Od czerwonego nieładu do Zielonego Ładu
Komentując porażkę Demokratów w USA, Schetyna pisze, że jedynie „mądra polityka, współpraca i program dla wszystkich Polaków mogą prowadzić do zwycięstwa". Wypowiedzi Schetyny bywały niekiedy podobne do wróżb Pytii. Jej przepowiednie, jak wiadomo, były niejasne, dwuznaczne i zagadkowe. Z kontekstu jego wypowiedzi wynika jednak tym razem jasno, że salus Reipublicae widzi on w zwycięstwie Trzaskowskiego i reżimu Tuska/Bodnara. W przeciwieństwie do biurokratów Tuska nie grzeszących ani inteligencją ani biegłością w rządzeniu, Schetyna należy do najstarszej gwardii PO, do jej twórców i znacznie odbija od Tuska i jego pretorianów. Krążący fotos jego uśmiechniętej fizys w towarzystwie Nowackiej i Lubnauer budzi niesmak u wielu, którzy cokolwiek wiedzą o jego pochodzeniu akowskim i patriotycznym. Smutny to obrazek. Schetyna w komitywie z osobami pracującymi nad deprawacją polskich dzieci i karłowaceniem polskiej szkoły. Podobnie jak smutne są nadzieje Schetyny pokładane w coraz bardziej robiącym bokami reżymie Tuska.

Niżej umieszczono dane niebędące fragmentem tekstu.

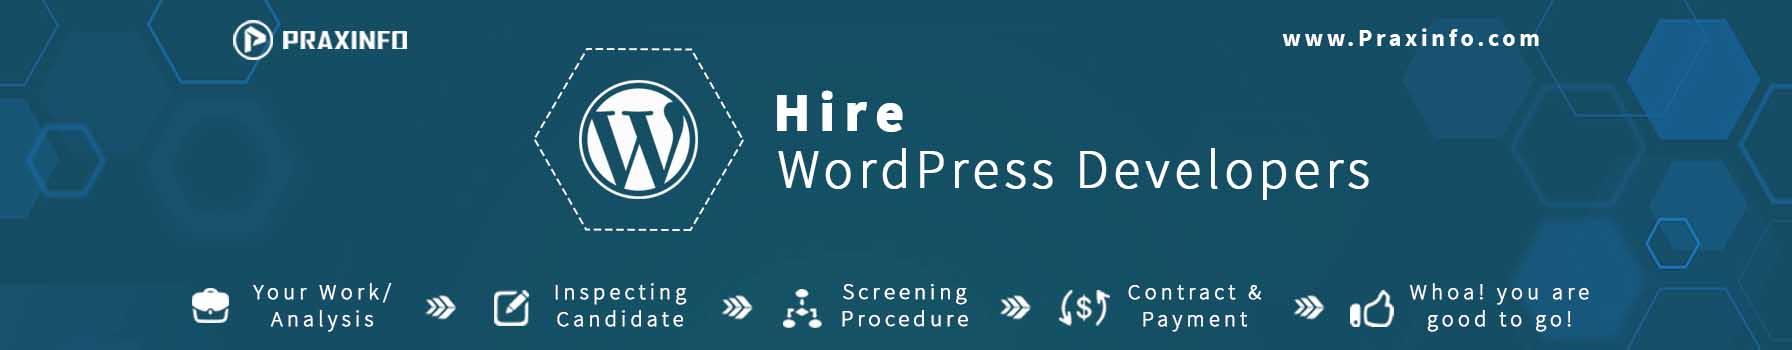 WordPress-developer-banner.jpg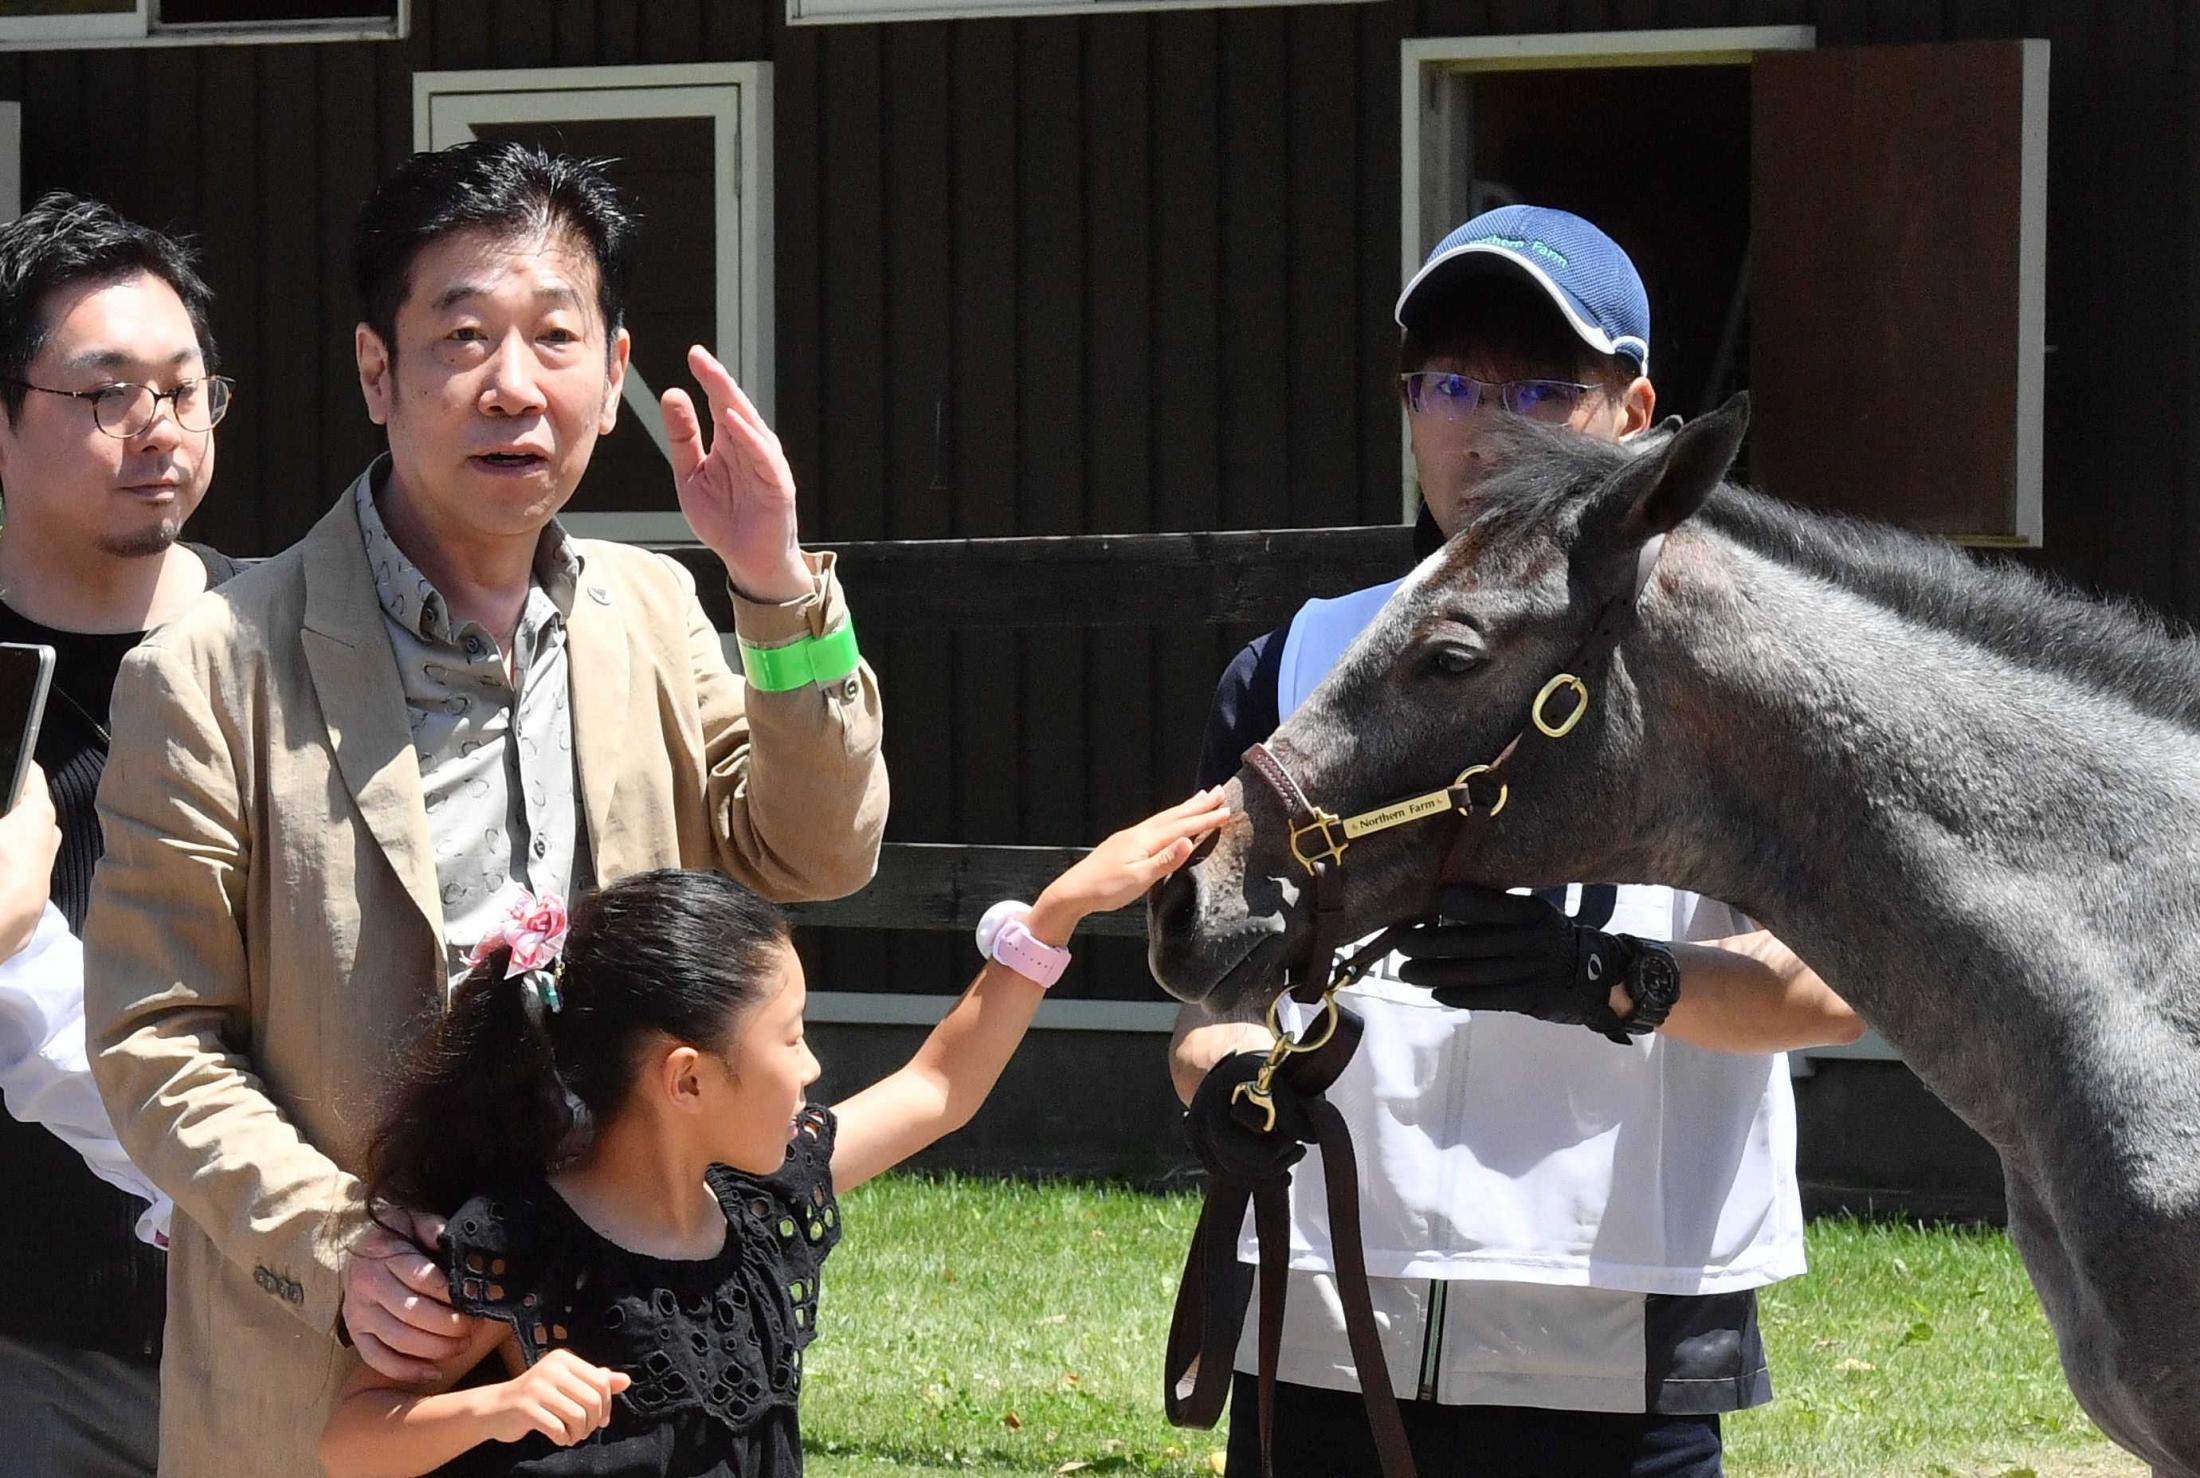 2億円超で2頭のロードカナロア産駒を手に入れた小笹芳央オーナー(左)

A jest tak dlatego, że żaden to program dla „wszystkich Polaków”, tym mniej „mądra polityka”, gdyż tak o niej mogłaby powiedzieć Frau von der Leyen czy Herr Scholz ewentualnie Mr. Didier Reynders, czyli lewacka wierchuszka Unii Europejskiej i złodziej (nie owijajmy w bawełnę) specjalizujący się przez lata w pouczaniu Polaków o praworządności. Żeby było śmieszniej prezydent Bronisław Komorowski odznaczył w 2015 r. Reyndersa Wielkim Krzyżem Komandorskim z Gwiazdą. Ponoć Krzyż Komandorski otrzymał m.in. za wsparcie przemian demokratycznych w Polsce. W tym samym roku prezydent Andrzej Duda nadał Reyndersowi jeszcze wyższe odznaczenie – Krzyż Wielki Orderu Zasługi Rzeczypospolitej Polskiej. Hitler i Stalin nie dostali tak wysokich odznaczeń tylko dlatego, że Mościski był mniej gramotny niż obaj wymienieni prezydenci. Sprawdziłem i aż mnie zatkało. Otóż Guy Verhofstadt również otrzymał w 2004 roku Krzyż Wielki Orderu Zasługi Rzeczypospolitej Polskiej. Nie znam w magistraturze unijnej polityka, który by bardziej niż on opluwał Polskę i jej szkodził. Teraz przynamniej wiadomo za co dostaje się najwyższe odznaczenia polskie.
Nie biadajmy zatem nad traktowaniem nas w UE jako niedorozwiniętych, wymagających stałego strofowania, uciążliwych petentów, którym nie można dać należnych groszy, bo nie uczą się praworządności, takiej jak ją rozumie europejskie lewactwo, podobnie demokracji, za Tuska już walczącej, czyli żadnej. Taki jest nasz status w UE, a my z wdzięczności odznaczamy tych, który nas mają gdzieś. Jakież to polskie, choć obecnie w wydaniu specjalnym!!??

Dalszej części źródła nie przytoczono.